Flow cytometric analysis of CEM and Jurkat T cells transduced with HTLV Tax. Jurkat or CEM cells (10⁶) were infected with lentiviral vectors (MOI = 3) by centrifugation (4 h, 2,500 rpm) in the presence of 8 μg of Polybrene/ml. CEM and Jurkat cells (10⁶) were mock infected as a negative control for apoptosis. Cells were resuspended in IMDM with 10% FBS, stained with Annexin V-PE (AV-PE) and 7-AAD, and analyzed by flow cytometry at 48 and 72 h postinfection. (A) Representative flow cytometric analysis of LV-transduced CEM and Jurkat cells at 72 h postinfection. GFP⁺ cells were gated and analyzed for AV (horizontal axis) and 7-AAD staining (vertical axis). Representative panels of transduced CEM (left column) and Jurkat (right column) cells. The percentage of individual subpopulations in each quadrant is indicated. Cells that are AV-PE single positive (lower right quadrant) and AV-PE⁺ 7-AAD⁺ positive (upper right quadrant) are early- and late-stage apoptotic cells, respectively. (B) Annexin V and 7-AAD staining of Jurkat and CEM cells transduced with LVs. Jurkat and CEM cells were transduced with LVs and GFP⁺ cells were analyzed for AV and 7-AAD staining by flow cytometry. CEM cells (subpanels A and B) and Jurkat cells (subpanels C and D) were analyzed at 48 h (blue bars) or 72 h (purple bars) postinfection. The percentage of GFP⁺ cells that were positive for AV staining (subpanels A and C) or which stained for 7-AAD (subpanels B and D), after infection with HR′CMV-Tax1/GFP transduction (Tax1), HR′CMV-Tax1(−)/GFP [Tax1(−)], HR′CMV-Tax2/GFP (Tax2), or HR′CMV-GFP (GFP) are indicated.

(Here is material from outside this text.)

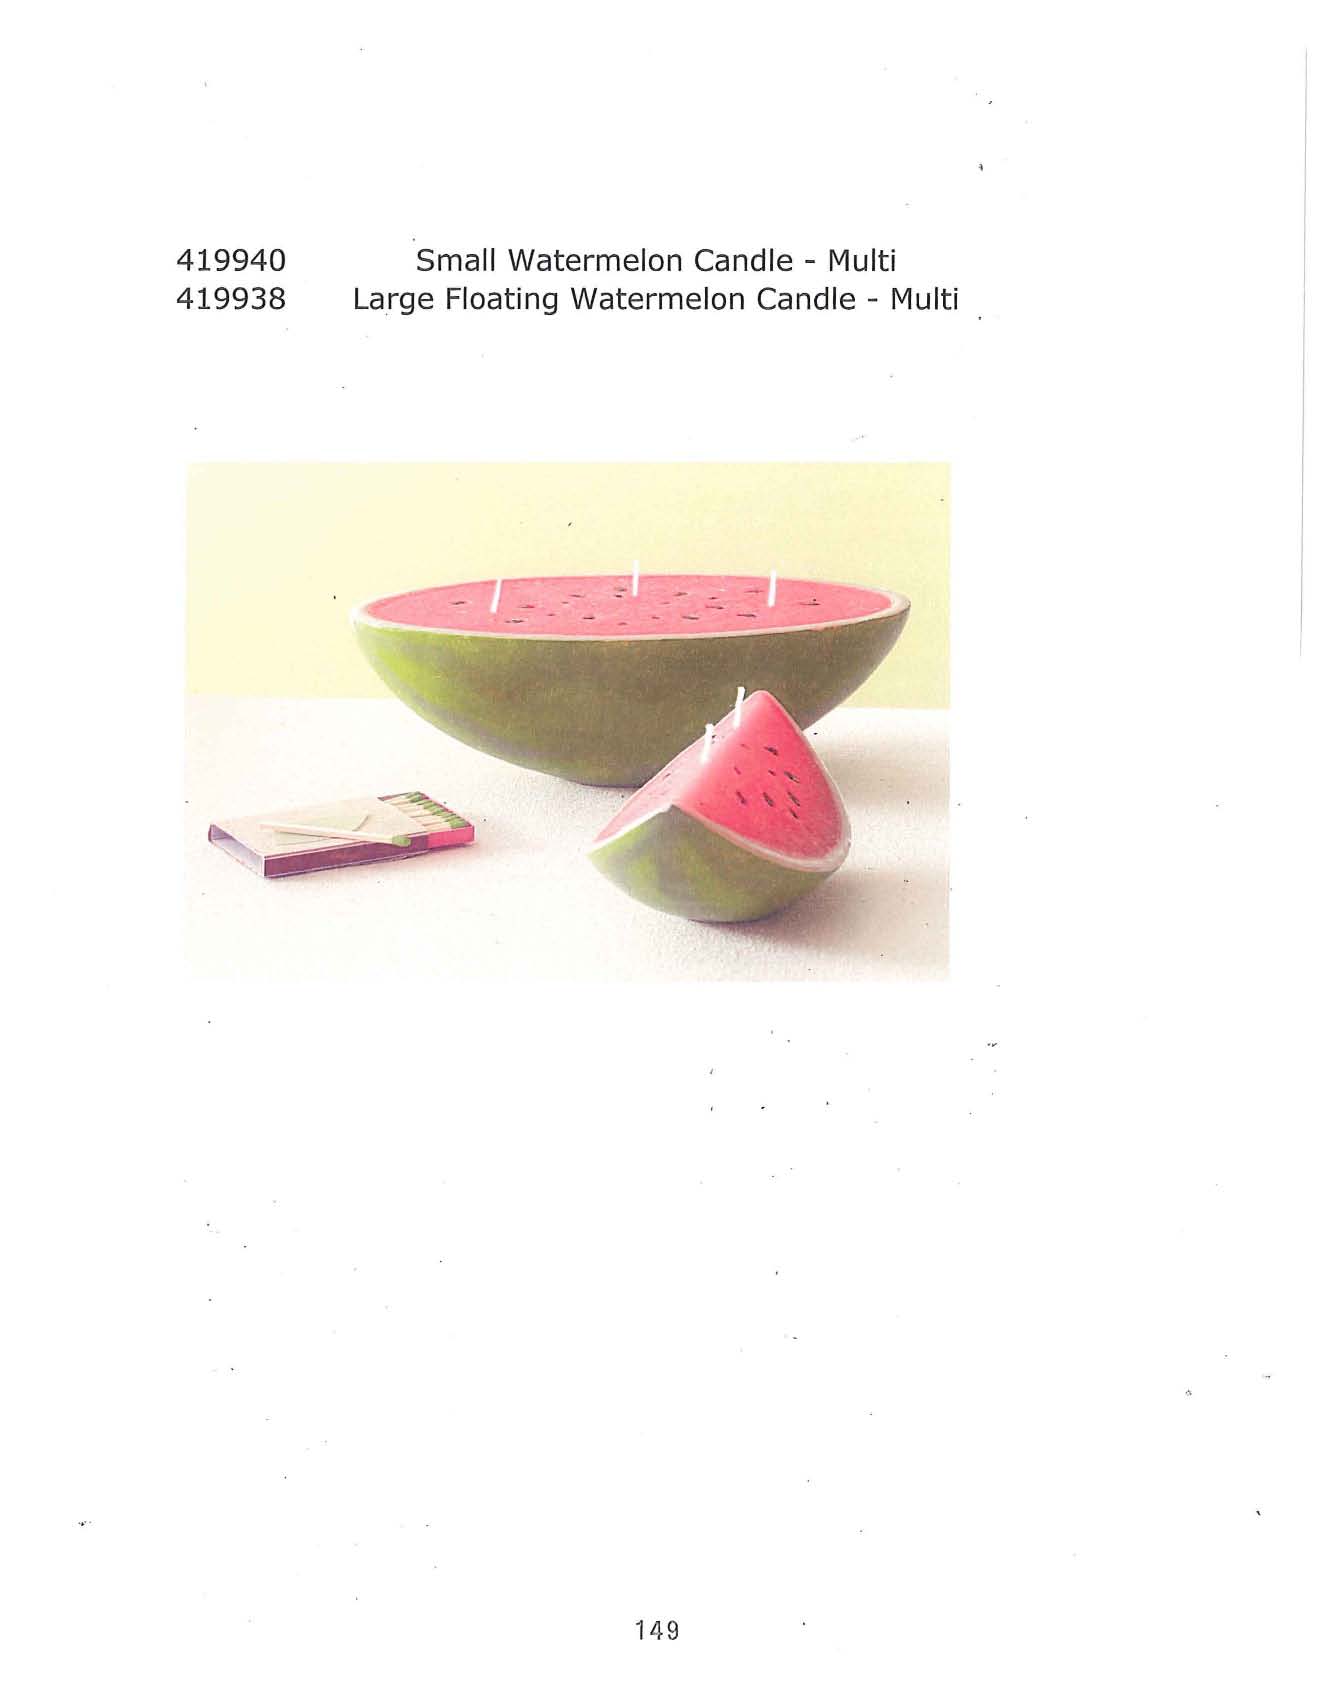 Small Watermelon Candle and Large Floating Watermelon Candle - Multi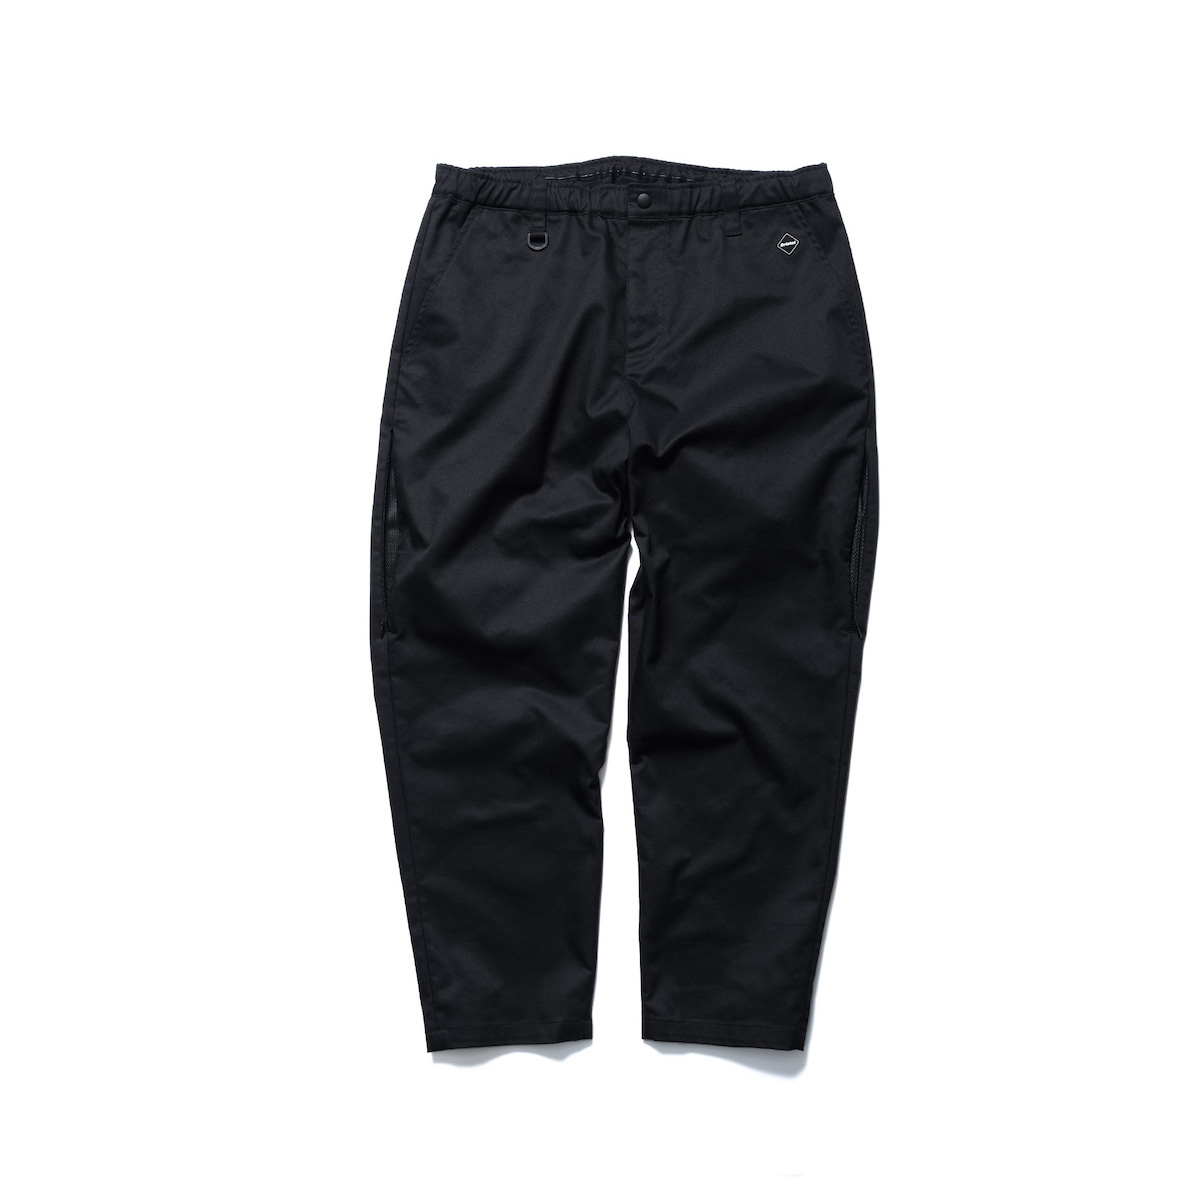 F.C.Real Bristol / COOLMAX STRETCH WIDE CROPPED VENTILATION CHINO PANTS (Black)

Values of AV and 7-AAD expression with HR′CMV-Vpr/GFP (VPR) were significantly higher than those obtained with the other vectors, which in turn were higher than those obtained with medium alone (Mock). The data were compiled from three independent experiments. Statistical analysis was performed by ANOVA (P < 0.005).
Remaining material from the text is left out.